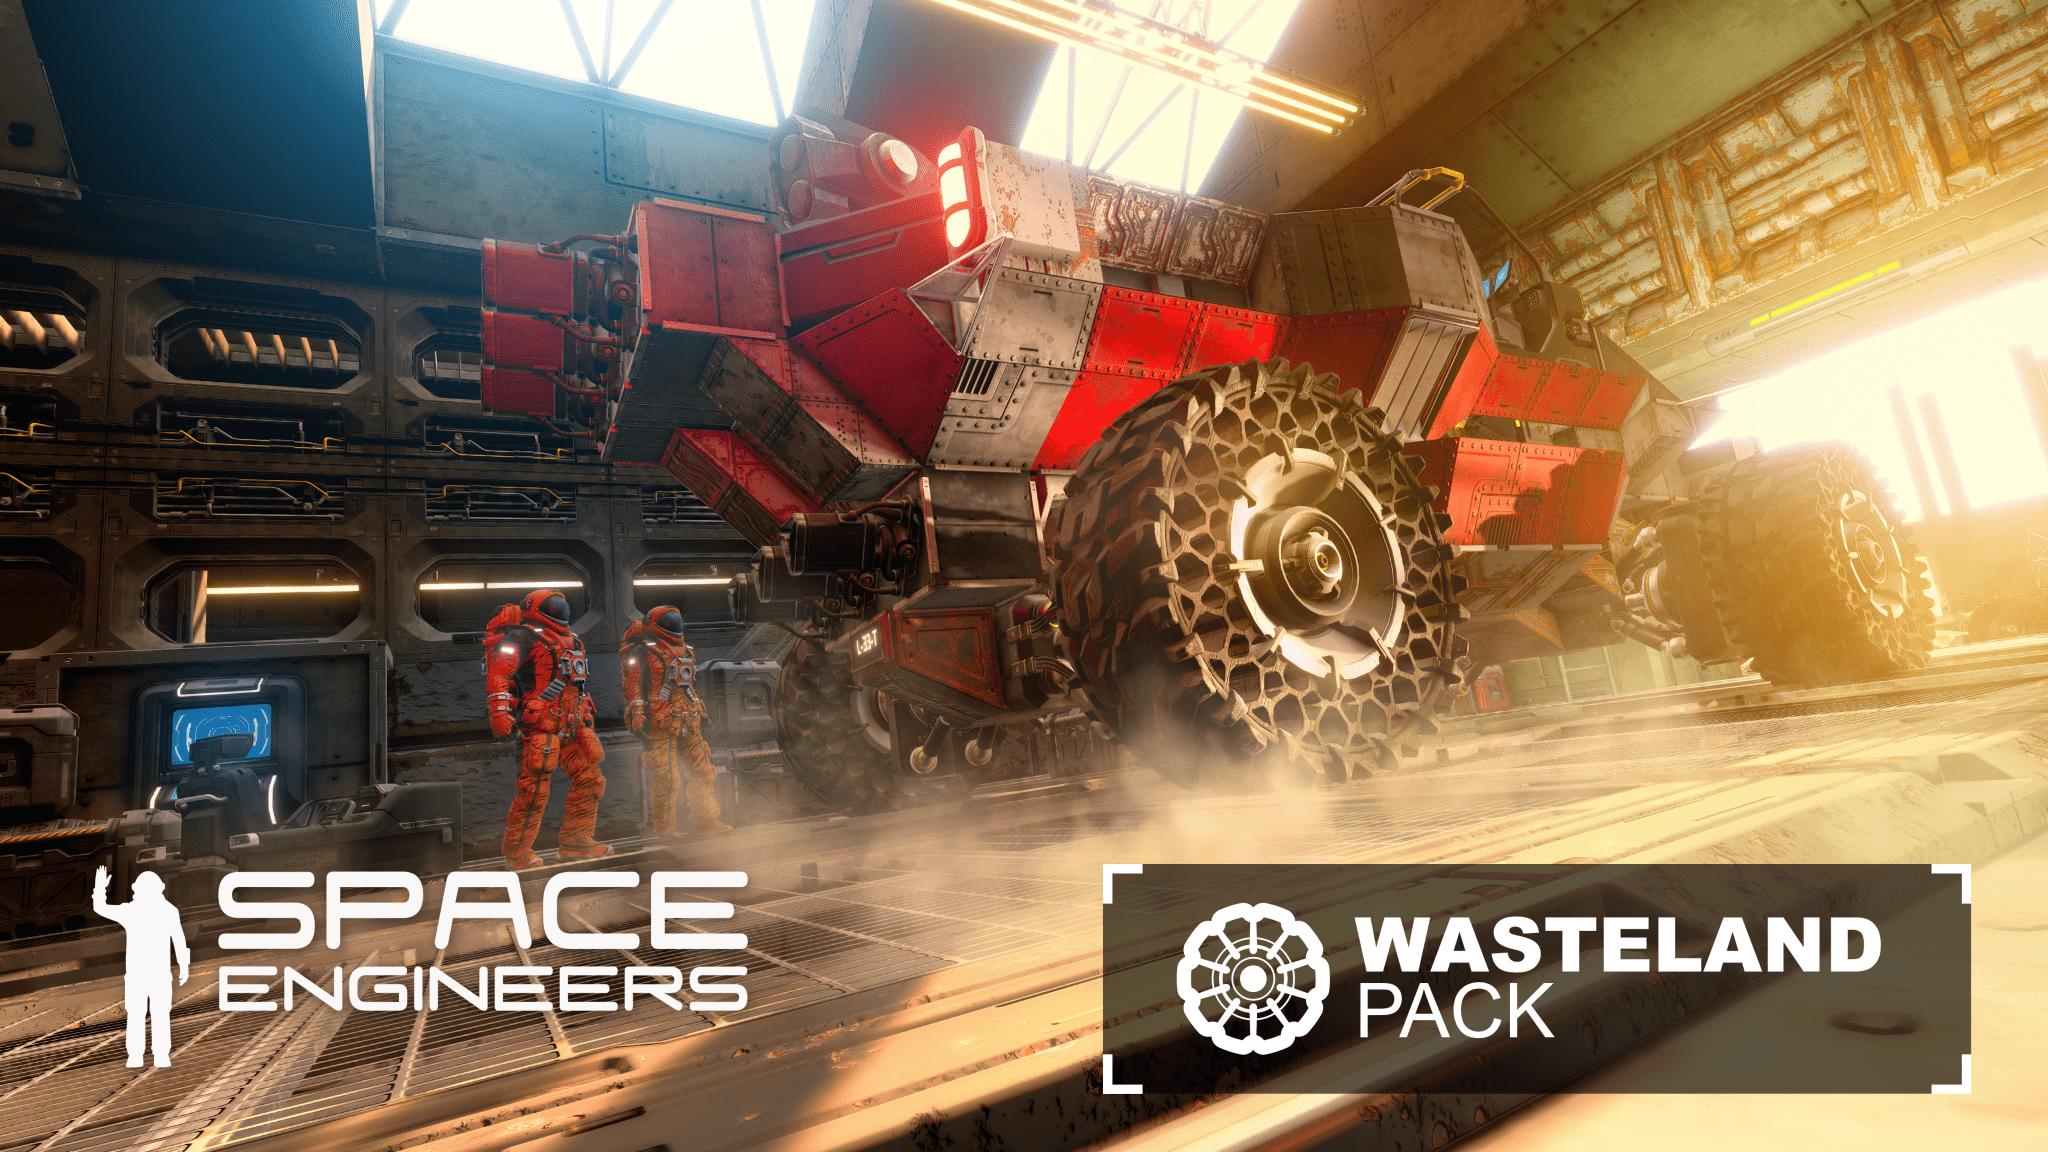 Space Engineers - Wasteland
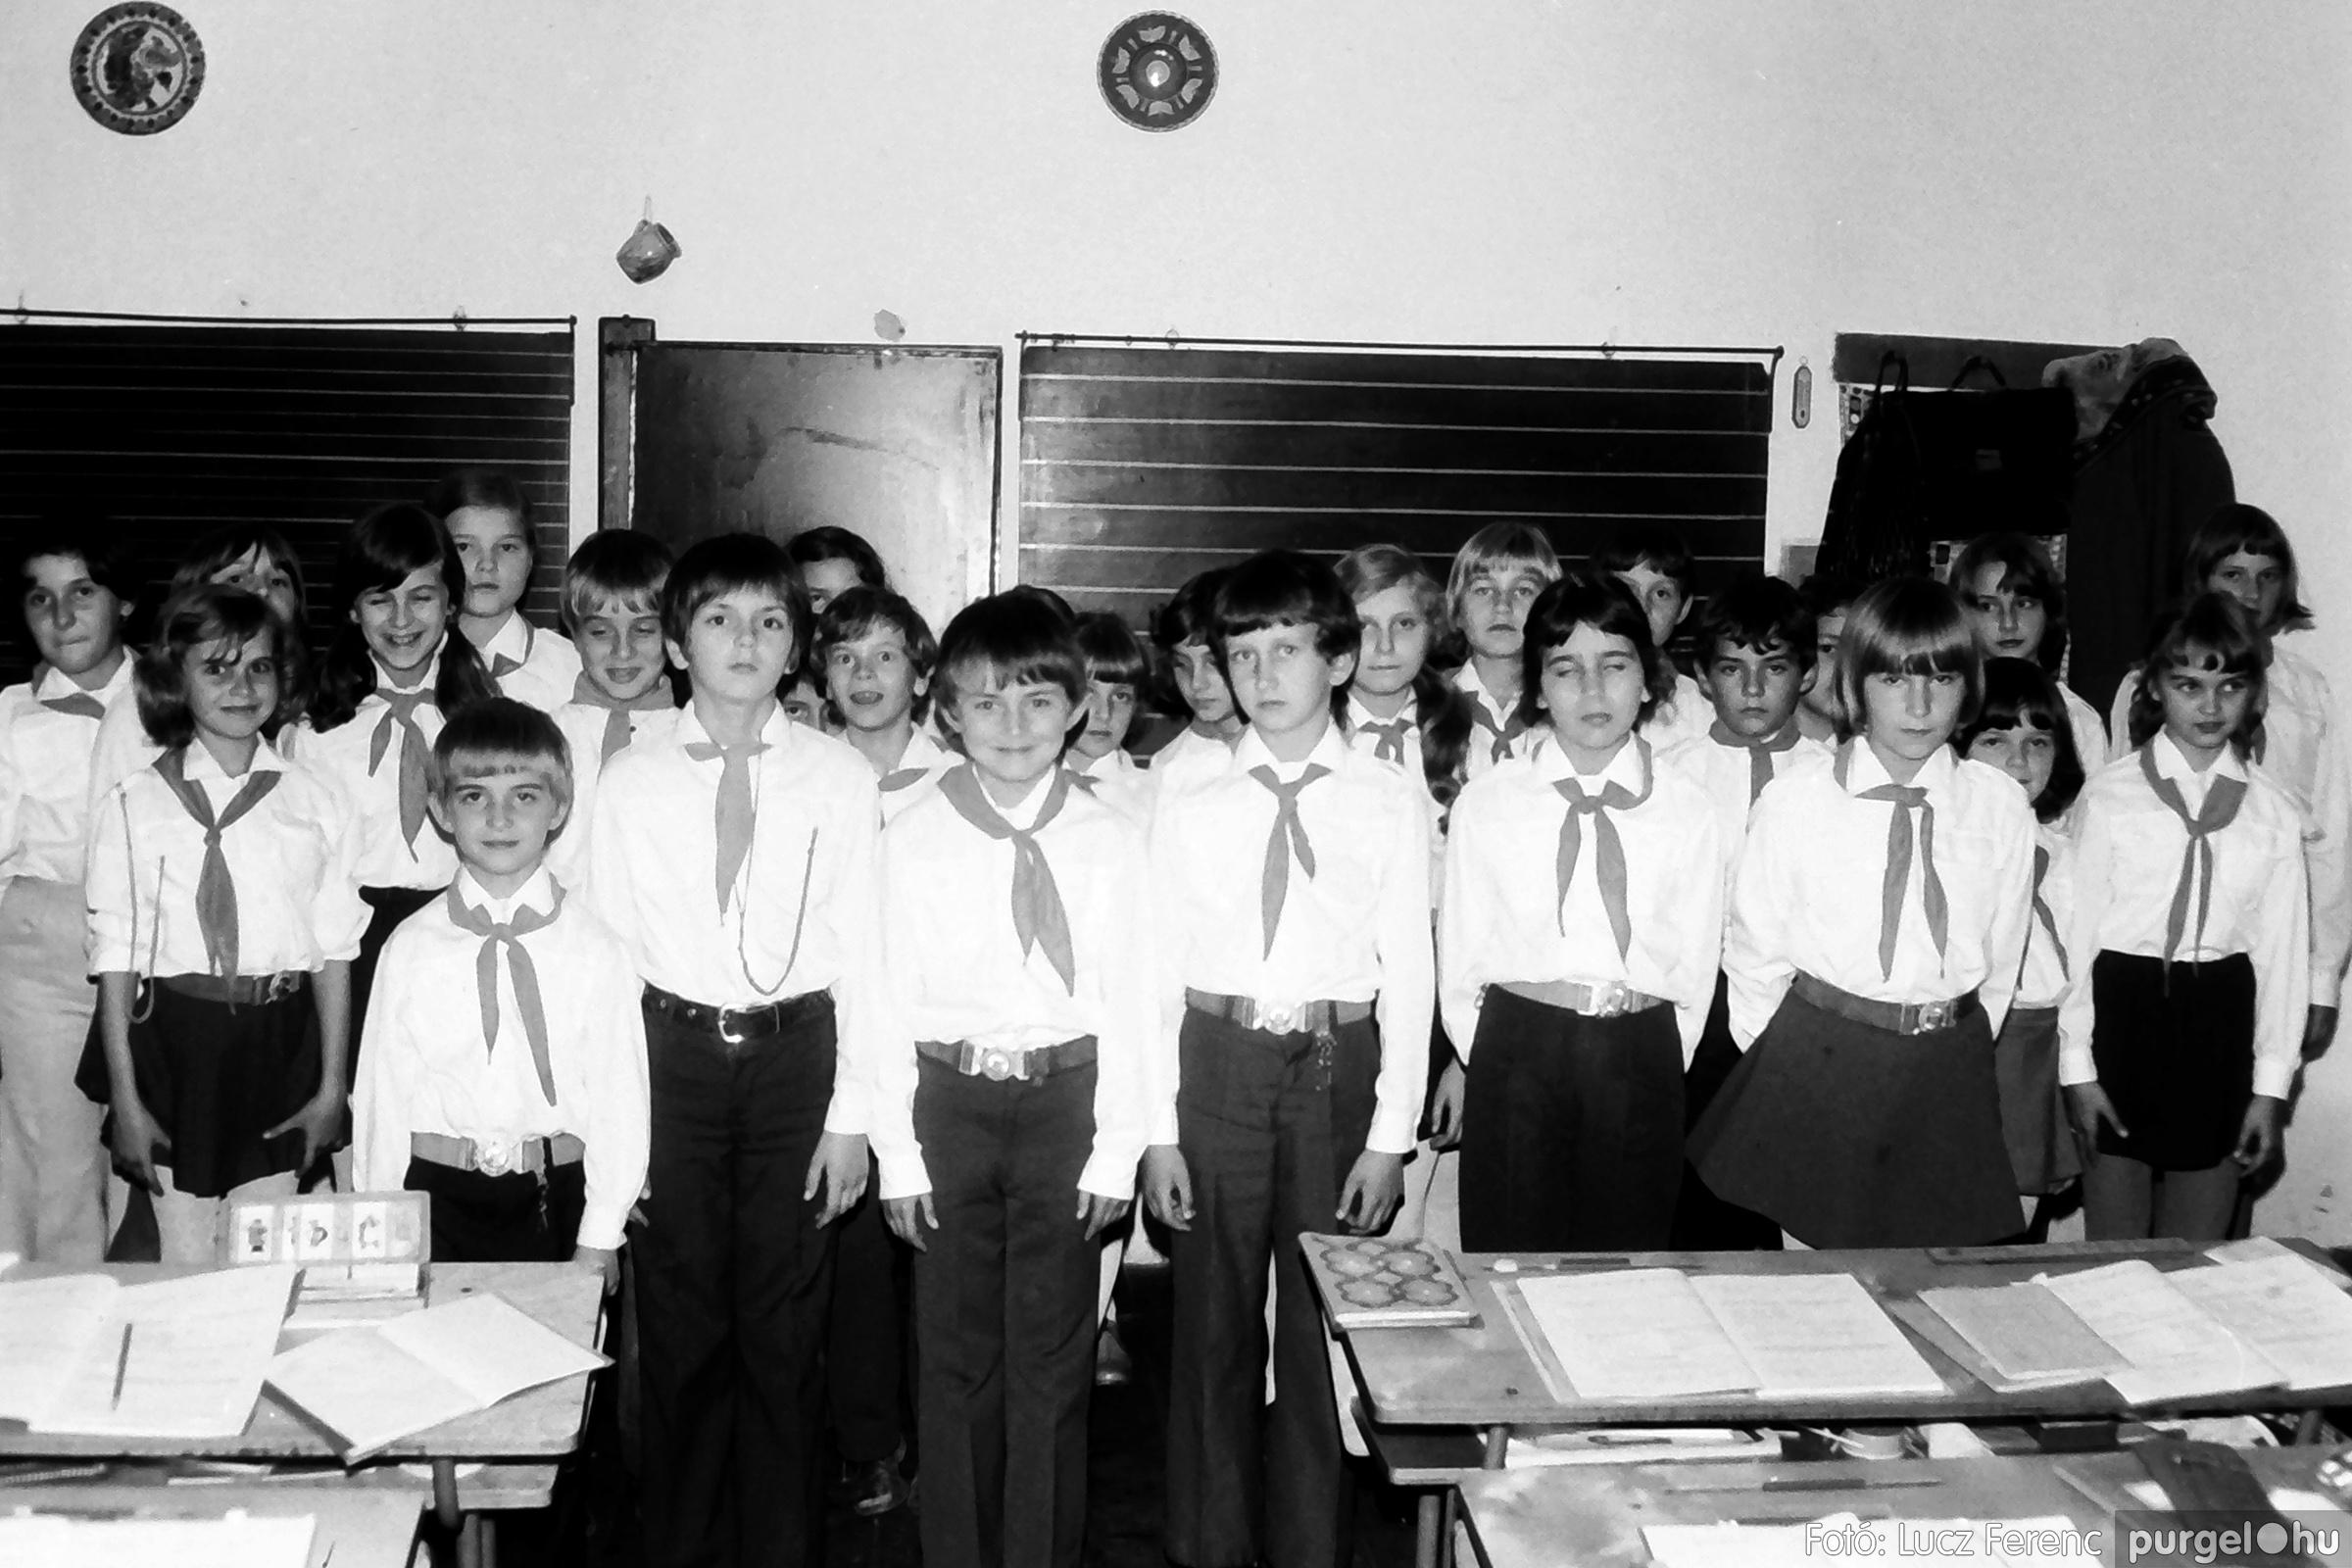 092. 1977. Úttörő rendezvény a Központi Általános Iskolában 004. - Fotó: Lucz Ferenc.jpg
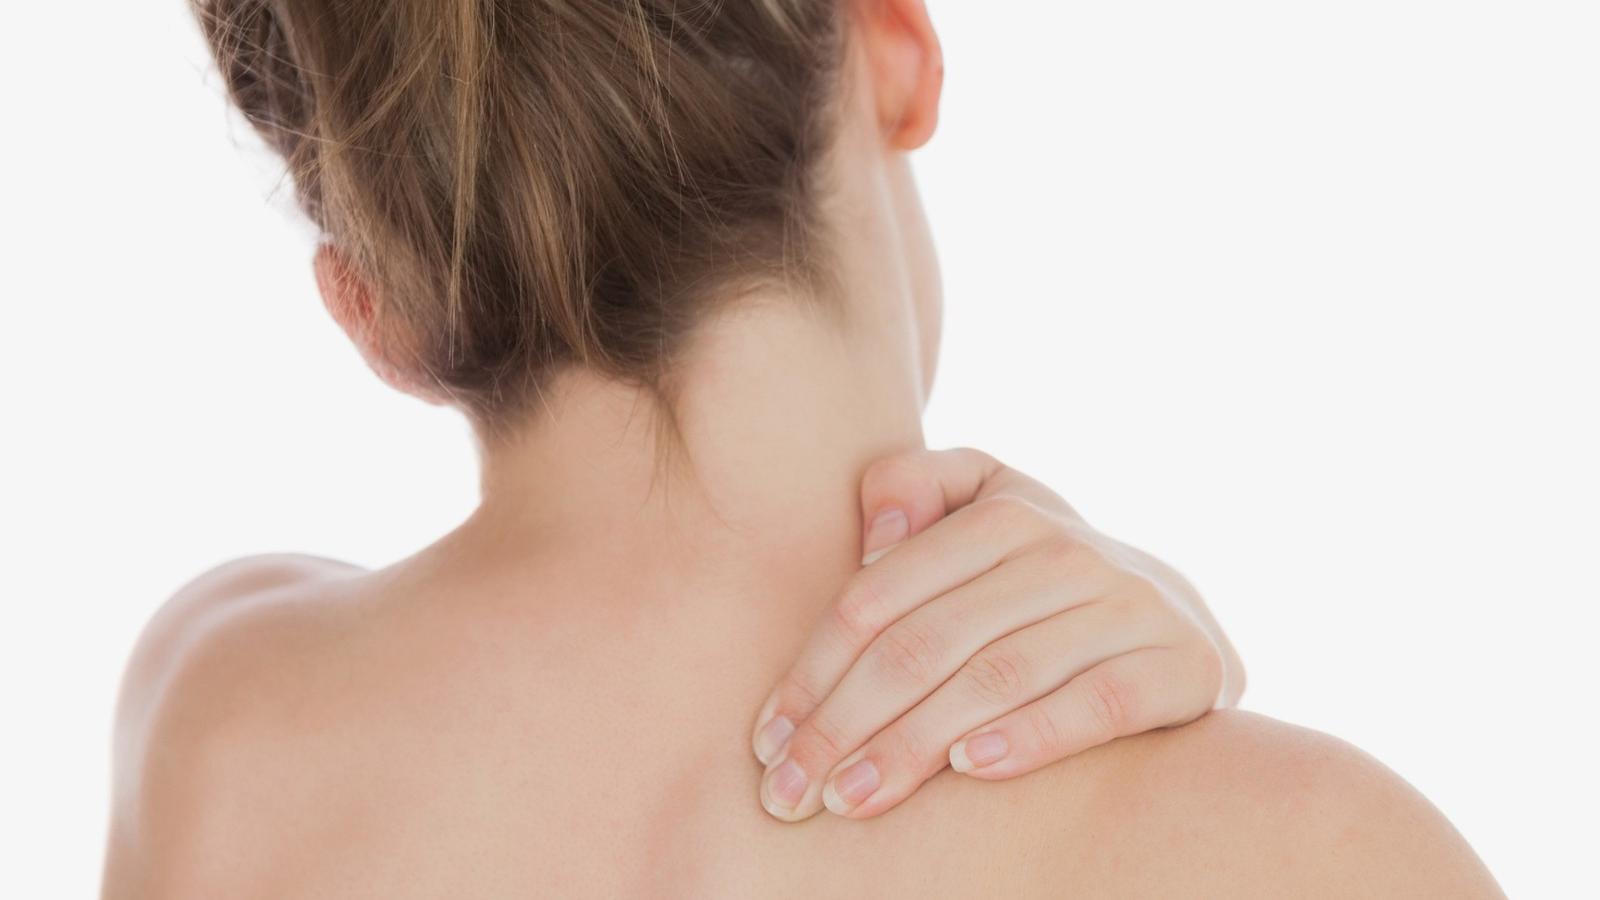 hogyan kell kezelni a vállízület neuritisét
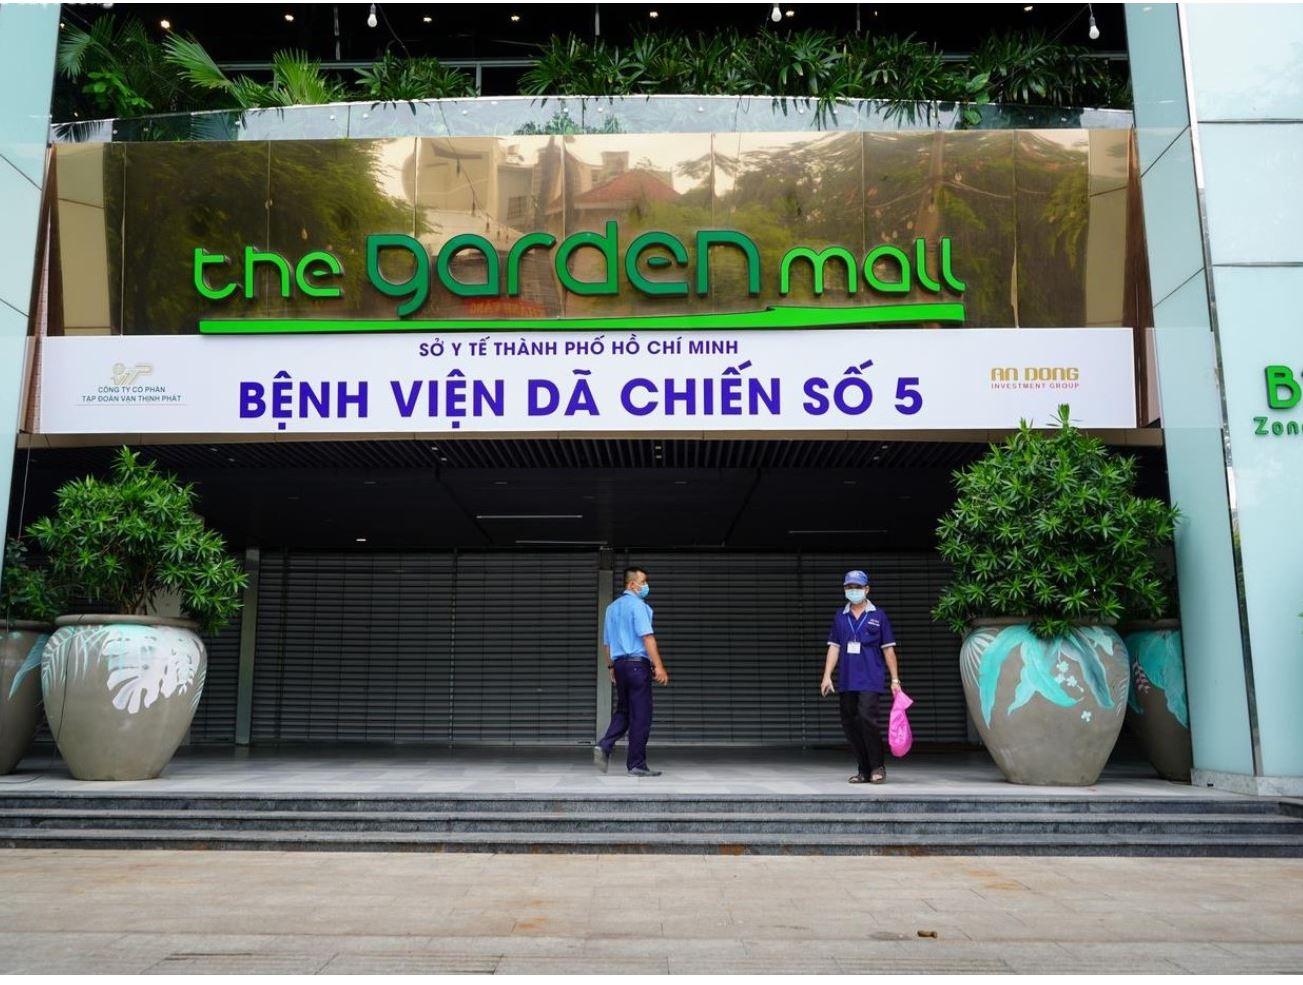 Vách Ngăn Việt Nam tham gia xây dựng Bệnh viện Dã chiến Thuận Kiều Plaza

········

§ Task objective
Drop the pictures, then repeat the material word for word.

§ Task answer
 Space Engineers - Wasteland
 092. 1977. Úttörő rendezvény a Központi Általános Iskolában 004. - Fotó: Lucz Ferenc.jpg
 hogyan kell kezelni a vállízület neuritisét
 Vách Ngăn Việt Nam tham gia xây dựng Bệnh viện Dã chiến Thuận Kiều Plaza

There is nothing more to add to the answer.